• [What the task requires] What is needed is an exact copy of the lines in the listing below, from the one with "WISHDOR Etagenbett Holzbett" up to and including the one with "El troleo de Sergio Ramos a Cristóbal Soria", with no other lines.

• [Records for this exercise]
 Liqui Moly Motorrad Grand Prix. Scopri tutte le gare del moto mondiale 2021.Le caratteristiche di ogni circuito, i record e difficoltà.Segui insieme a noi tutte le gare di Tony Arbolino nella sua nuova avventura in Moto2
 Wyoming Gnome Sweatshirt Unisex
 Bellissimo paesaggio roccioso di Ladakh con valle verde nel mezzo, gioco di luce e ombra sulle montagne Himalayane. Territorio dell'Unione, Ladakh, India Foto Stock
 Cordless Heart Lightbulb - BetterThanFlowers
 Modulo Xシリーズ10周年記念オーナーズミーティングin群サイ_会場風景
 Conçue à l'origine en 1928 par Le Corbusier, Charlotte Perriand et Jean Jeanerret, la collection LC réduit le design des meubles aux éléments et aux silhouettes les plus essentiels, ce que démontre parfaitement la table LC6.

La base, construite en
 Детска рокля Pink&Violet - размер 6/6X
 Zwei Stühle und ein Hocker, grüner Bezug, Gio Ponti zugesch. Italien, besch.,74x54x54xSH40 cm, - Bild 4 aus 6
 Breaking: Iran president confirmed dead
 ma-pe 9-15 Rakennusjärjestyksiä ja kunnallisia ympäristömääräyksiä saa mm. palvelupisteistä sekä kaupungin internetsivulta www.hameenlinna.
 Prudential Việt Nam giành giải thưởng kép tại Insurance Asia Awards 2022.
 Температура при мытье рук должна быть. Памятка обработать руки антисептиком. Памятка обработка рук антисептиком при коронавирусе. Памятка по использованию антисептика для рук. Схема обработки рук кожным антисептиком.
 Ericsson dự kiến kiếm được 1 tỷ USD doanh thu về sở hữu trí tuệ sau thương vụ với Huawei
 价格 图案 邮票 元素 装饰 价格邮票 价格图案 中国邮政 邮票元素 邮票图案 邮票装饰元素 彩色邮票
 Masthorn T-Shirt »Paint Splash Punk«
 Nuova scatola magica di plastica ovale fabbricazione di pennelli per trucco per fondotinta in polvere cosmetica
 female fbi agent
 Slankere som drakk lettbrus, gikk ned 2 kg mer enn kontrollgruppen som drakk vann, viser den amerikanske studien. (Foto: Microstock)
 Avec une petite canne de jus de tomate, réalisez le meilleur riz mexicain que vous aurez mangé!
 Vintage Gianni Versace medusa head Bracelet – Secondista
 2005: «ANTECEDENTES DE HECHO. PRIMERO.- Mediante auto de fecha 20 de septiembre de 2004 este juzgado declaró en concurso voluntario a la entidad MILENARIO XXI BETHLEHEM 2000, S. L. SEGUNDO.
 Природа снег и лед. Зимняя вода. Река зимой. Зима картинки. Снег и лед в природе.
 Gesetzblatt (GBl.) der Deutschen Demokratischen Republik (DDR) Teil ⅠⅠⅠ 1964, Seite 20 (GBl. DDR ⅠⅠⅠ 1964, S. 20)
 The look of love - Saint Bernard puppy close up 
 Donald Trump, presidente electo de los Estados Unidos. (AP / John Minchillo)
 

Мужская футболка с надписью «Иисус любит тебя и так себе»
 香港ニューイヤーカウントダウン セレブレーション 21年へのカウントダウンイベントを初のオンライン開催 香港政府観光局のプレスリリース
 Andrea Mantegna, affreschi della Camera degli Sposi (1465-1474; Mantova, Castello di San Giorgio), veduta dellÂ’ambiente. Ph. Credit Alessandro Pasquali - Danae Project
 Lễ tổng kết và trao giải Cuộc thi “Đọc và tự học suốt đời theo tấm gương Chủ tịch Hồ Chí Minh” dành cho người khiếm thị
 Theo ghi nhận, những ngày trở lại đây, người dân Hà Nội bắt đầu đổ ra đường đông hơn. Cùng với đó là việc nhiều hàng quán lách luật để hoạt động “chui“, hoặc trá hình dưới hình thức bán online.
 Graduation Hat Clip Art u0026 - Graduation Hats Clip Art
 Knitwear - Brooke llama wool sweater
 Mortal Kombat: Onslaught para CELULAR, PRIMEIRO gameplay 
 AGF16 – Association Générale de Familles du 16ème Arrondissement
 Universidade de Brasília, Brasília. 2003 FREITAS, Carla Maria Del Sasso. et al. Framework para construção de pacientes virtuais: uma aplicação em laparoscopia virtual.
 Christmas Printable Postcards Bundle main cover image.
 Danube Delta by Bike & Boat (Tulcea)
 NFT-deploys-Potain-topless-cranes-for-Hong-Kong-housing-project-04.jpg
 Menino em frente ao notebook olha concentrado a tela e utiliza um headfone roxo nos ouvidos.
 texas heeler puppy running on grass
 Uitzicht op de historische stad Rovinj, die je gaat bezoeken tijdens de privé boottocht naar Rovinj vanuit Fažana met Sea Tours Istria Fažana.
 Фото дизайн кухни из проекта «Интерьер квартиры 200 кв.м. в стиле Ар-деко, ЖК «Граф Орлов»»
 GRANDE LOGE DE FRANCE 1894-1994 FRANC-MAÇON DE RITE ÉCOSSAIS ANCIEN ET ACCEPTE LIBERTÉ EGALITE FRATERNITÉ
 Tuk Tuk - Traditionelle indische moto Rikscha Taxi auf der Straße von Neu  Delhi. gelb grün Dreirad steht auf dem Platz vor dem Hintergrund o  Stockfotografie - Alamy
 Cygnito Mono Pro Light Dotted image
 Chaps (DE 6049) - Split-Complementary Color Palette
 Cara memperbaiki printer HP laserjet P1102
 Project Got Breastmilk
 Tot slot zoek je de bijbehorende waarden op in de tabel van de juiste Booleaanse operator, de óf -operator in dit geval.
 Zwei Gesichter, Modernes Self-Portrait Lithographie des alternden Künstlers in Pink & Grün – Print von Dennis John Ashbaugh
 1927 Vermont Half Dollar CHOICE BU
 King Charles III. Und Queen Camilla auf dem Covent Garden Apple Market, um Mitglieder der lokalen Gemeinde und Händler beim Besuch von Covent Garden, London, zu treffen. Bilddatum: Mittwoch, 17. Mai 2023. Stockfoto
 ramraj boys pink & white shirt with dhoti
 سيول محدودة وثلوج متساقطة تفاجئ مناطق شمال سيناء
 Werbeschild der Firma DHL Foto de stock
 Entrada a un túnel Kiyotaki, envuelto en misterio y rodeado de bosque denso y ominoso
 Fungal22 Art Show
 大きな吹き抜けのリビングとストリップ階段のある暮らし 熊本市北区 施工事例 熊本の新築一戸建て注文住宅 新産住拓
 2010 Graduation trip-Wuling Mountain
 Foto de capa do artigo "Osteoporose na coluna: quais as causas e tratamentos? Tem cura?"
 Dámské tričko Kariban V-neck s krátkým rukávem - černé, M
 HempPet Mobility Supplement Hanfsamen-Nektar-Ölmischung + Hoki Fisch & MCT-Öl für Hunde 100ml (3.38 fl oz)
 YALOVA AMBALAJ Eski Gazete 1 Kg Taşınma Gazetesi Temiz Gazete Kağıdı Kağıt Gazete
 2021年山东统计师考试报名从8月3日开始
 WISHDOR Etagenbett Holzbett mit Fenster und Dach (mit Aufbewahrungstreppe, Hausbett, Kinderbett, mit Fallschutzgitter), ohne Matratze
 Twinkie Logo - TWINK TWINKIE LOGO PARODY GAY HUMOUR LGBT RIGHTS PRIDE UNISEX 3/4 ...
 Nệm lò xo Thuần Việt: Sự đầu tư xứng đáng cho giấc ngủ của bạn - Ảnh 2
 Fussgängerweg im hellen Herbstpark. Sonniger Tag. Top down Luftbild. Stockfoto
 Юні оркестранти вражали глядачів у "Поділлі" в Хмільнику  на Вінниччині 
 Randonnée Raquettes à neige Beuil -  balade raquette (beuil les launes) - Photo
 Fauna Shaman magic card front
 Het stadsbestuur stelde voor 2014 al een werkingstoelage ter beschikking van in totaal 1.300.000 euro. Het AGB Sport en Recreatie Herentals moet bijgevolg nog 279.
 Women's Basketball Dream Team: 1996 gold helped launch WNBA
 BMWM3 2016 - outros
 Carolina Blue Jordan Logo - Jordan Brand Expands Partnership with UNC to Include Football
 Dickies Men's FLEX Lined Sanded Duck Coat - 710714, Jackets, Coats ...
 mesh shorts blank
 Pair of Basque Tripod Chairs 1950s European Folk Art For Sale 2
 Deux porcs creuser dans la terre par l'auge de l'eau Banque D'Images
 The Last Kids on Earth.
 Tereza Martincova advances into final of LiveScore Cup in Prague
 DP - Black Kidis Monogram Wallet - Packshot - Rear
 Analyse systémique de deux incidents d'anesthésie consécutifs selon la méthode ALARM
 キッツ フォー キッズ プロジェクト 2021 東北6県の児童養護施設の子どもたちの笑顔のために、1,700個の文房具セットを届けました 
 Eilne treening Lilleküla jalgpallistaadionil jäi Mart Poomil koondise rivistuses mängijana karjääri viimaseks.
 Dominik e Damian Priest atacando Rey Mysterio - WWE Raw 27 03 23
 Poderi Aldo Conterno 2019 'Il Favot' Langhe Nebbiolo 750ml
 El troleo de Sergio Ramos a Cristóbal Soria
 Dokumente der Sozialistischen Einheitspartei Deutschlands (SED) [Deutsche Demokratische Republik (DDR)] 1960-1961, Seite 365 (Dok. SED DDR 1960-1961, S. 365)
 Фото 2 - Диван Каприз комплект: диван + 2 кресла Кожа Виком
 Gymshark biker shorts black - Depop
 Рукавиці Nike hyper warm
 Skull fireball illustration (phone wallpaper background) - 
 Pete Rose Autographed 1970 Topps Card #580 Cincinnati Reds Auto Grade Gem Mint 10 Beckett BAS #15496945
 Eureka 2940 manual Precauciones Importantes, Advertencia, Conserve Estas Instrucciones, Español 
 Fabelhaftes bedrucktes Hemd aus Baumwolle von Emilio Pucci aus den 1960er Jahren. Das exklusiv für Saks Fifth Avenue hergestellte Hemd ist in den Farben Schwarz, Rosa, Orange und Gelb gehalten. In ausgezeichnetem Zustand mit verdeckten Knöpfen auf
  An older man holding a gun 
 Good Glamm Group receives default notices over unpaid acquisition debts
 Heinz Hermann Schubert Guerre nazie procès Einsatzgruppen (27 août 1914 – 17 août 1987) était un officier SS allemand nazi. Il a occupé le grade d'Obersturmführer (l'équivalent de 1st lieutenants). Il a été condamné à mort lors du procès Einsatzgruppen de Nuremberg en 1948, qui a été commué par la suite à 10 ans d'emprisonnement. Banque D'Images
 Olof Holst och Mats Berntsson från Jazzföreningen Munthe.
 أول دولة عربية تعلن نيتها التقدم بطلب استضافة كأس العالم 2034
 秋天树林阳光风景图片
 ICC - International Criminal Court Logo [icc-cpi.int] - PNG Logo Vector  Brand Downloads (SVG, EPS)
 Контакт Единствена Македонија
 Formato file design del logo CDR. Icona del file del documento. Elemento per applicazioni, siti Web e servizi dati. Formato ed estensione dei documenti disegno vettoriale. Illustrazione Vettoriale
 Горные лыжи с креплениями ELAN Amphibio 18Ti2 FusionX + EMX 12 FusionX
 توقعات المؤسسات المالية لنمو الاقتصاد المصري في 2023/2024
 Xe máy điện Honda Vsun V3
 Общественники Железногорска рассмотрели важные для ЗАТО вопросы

• [Response area]
 WISHDOR Etagenbett Holzbett mit Fenster und Dach (mit Aufbewahrungstreppe, Hausbett, Kinderbett, mit Fallschutzgitter), ohne Matratze
 Twinkie Logo - TWINK TWINKIE LOGO PARODY GAY HUMOUR LGBT RIGHTS PRIDE UNISEX 3/4 ...
 Nệm lò xo Thuần Việt: Sự đầu tư xứng đáng cho giấc ngủ của bạn - Ảnh 2
 Fussgängerweg im hellen Herbstpark. Sonniger Tag. Top down Luftbild. Stockfoto
 Юні оркестранти вражали глядачів у "Поділлі" в Хмільнику  на Вінниччині 
 Randonnée Raquettes à neige Beuil -  balade raquette (beuil les launes) - Photo
 Fauna Shaman magic card front
 Het stadsbestuur stelde voor 2014 al een werkingstoelage ter beschikking van in totaal 1.300.000 euro. Het AGB Sport en Recreatie Herentals moet bijgevolg nog 279.
 Women's Basketball Dream Team: 1996 gold helped launch WNBA
 BMWM3 2016 - outros
 Carolina Blue Jordan Logo - Jordan Brand Expands Partnership with UNC to Include Football
 Dickies Men's FLEX Lined Sanded Duck Coat - 710714, Jackets, Coats ...
 mesh shorts blank
 Pair of Basque Tripod Chairs 1950s European Folk Art For Sale 2
 Deux porcs creuser dans la terre par l'auge de l'eau Banque D'Images
 The Last Kids on Earth.
 Tereza Martincova advances into final of LiveScore Cup in Prague
 DP - Black Kidis Monogram Wallet - Packshot - Rear
 Analyse systémique de deux incidents d'anesthésie consécutifs selon la méthode ALARM
 キッツ フォー キッズ プロジェクト 2021 東北6県の児童養護施設の子どもたちの笑顔のために、1,700個の文房具セットを届けました 
 Eilne treening Lilleküla jalgpallistaadionil jäi Mart Poomil koondise rivistuses mängijana karjääri viimaseks.
 Dominik e Damian Priest atacando Rey Mysterio - WWE Raw 27 03 23
 Poderi Aldo Conterno 2019 'Il Favot' Langhe Nebbiolo 750ml
 El troleo de Sergio Ramos a Cristóbal Soria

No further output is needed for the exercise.